Au premier tour des municipales de Hénin-Beaumont dimanche, la liste Front national menée par Steeve Briois et Marine Le Pen a récolté 39,3% des suffrages, contre seulement 20,2% et 17 % à ses deux poursuivants, Daniel Duquenne (DVG) et Pierre Ferrari (MJS-PS-PC-MoDem).

Pour le Front national, qui n'avait pu dépasser les 28,5% aux deux tours de mars 2008, la progression est importante. Mais pour la liste emmenée par Pierre Ferrari, la désillusion est claire: il ne reste plus grand-chose des 43% obtenus en 2008 sous la houlette de l'ancien maire Gérard Dalongeville, placé depuis en détention provisoire.

Dénoncer la gestion du maire

Pierre Ferrari, qui souhaitait «tourner une page» pour Hénin-Beaumont, a été partiellement entendu par les électeurs... Lesquels ont simplement préféré l'alternative Daniel Duquenne. Ancien directeur des services du prédécesseur de Gérard Dalongeville, Daniel Duquenne n'a eu de cesse de dénoncer la gestion du maire depuis plusieurs années. Il revendique à ce titre une opposition plus ancienne que son concurrent Pierre Ferrari, qui a quitté l'équipe municipale en septembre 2008 après avoir critiqué la gestion de la ville.
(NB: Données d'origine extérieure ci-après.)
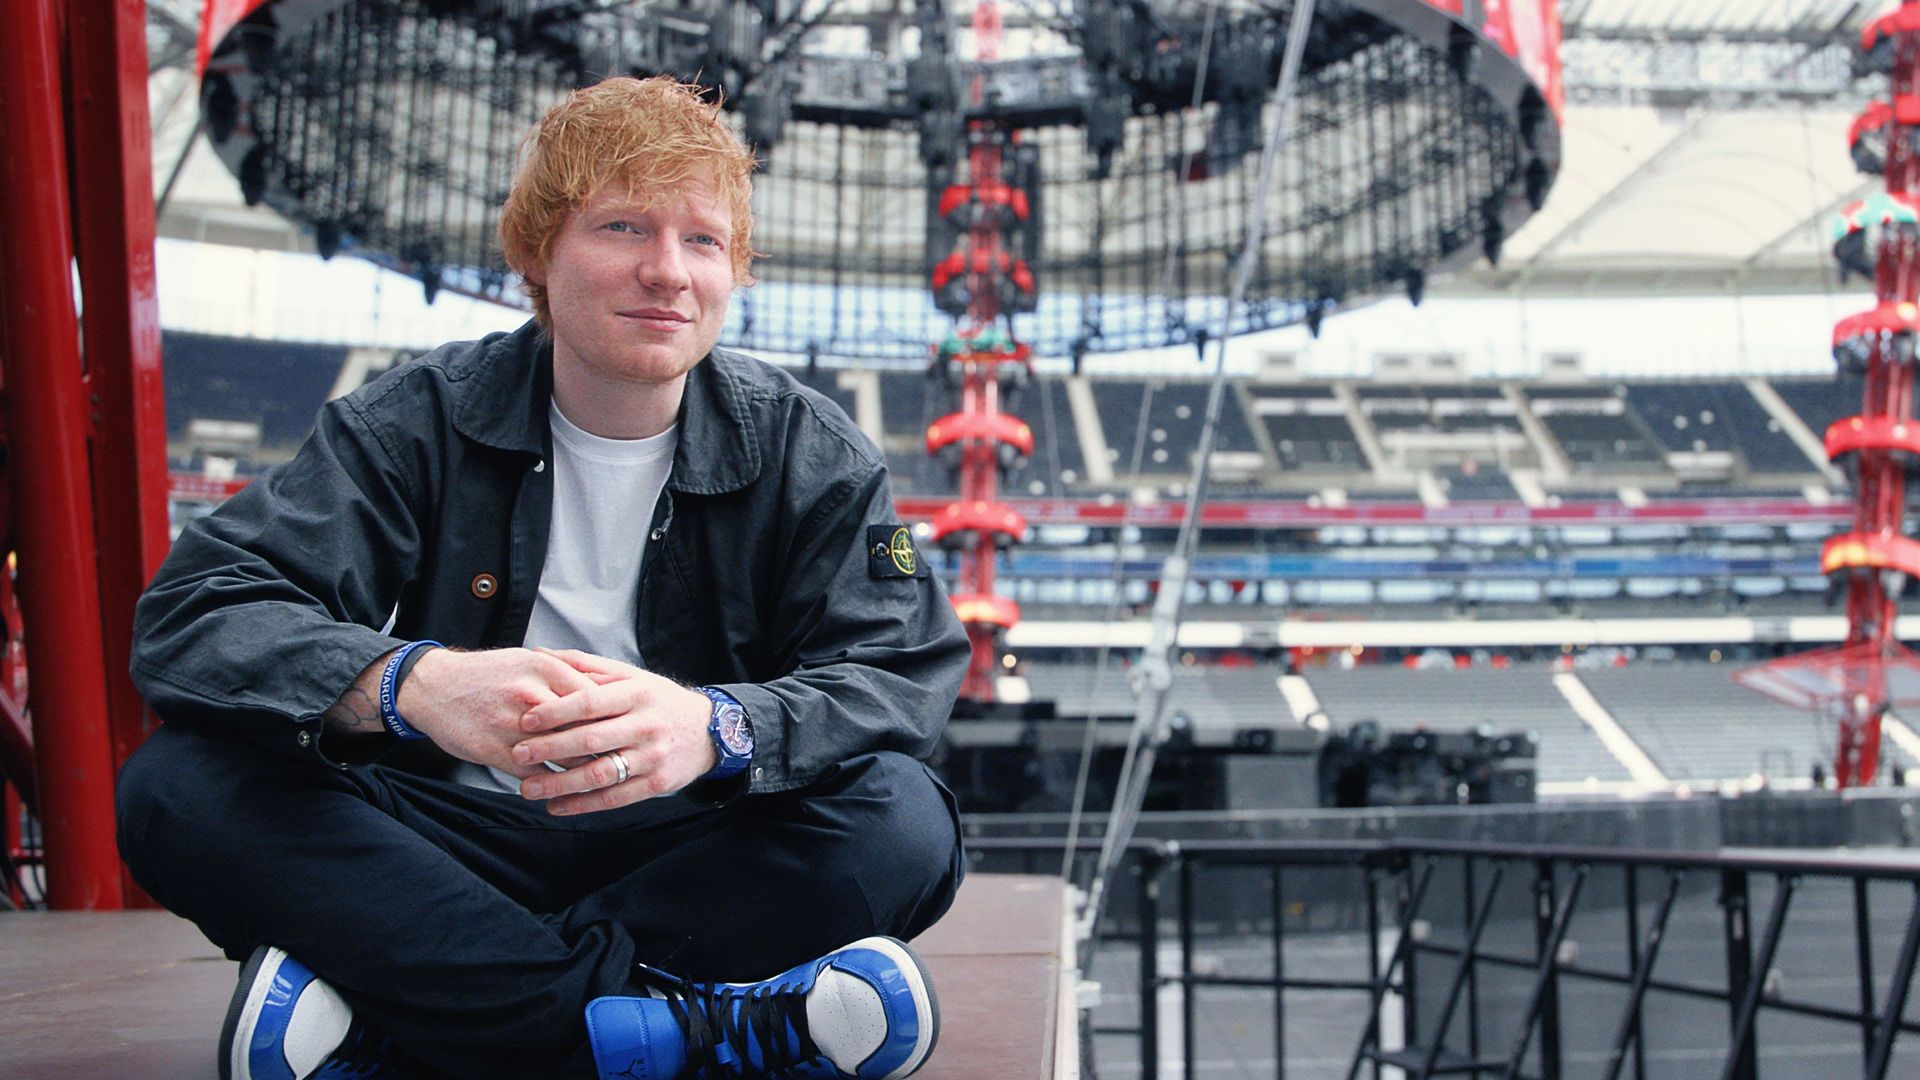 Ed Sheeran: The Sum of It All background
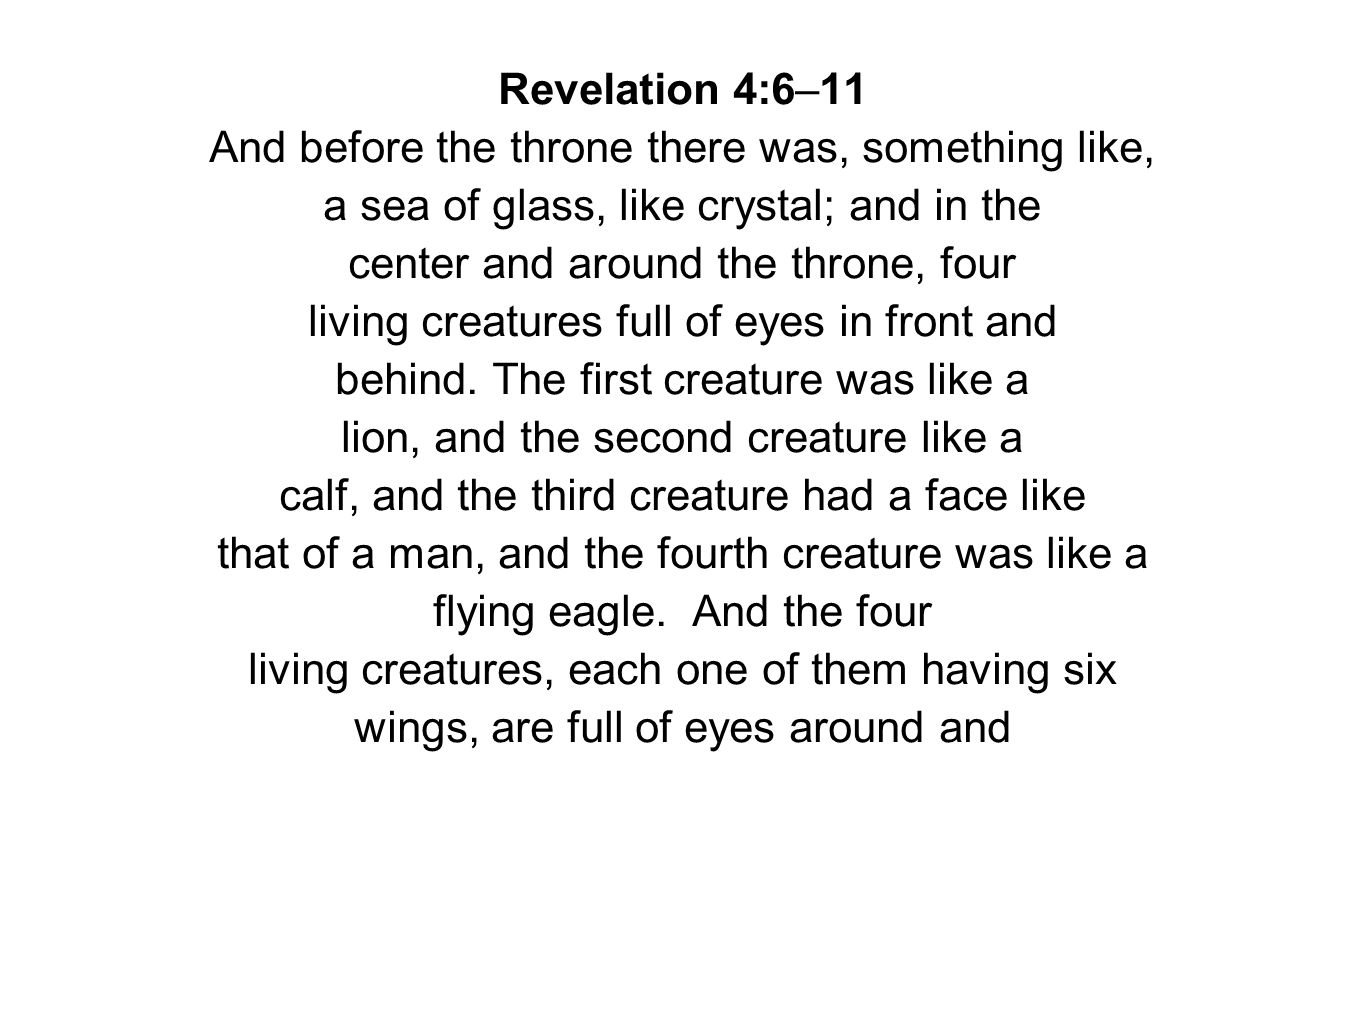 Revelation 4:6–11 And before the throne there was, something like, a sea of glass, like crystal; and in the center and around the throne, four living creatures full of eyes in front and behind.

En mars 2008, Daniel Duquenne avait déjà récolté 18,6% des voix au premier tour. Mais s'il a amélioré son score, il n'a pas récolté plus de voix à cause de l'abstention... Le FN, lui, a progressé de 800 voix par rapport à 2008 (sur 3.600): cette base électorale que l'on disait «figée» a visiblement trouvé un second souffle dans les déboires de l'ancien maire, et les atermoiements du Parti socialiste, qui avait tardé à s'en désolidariser.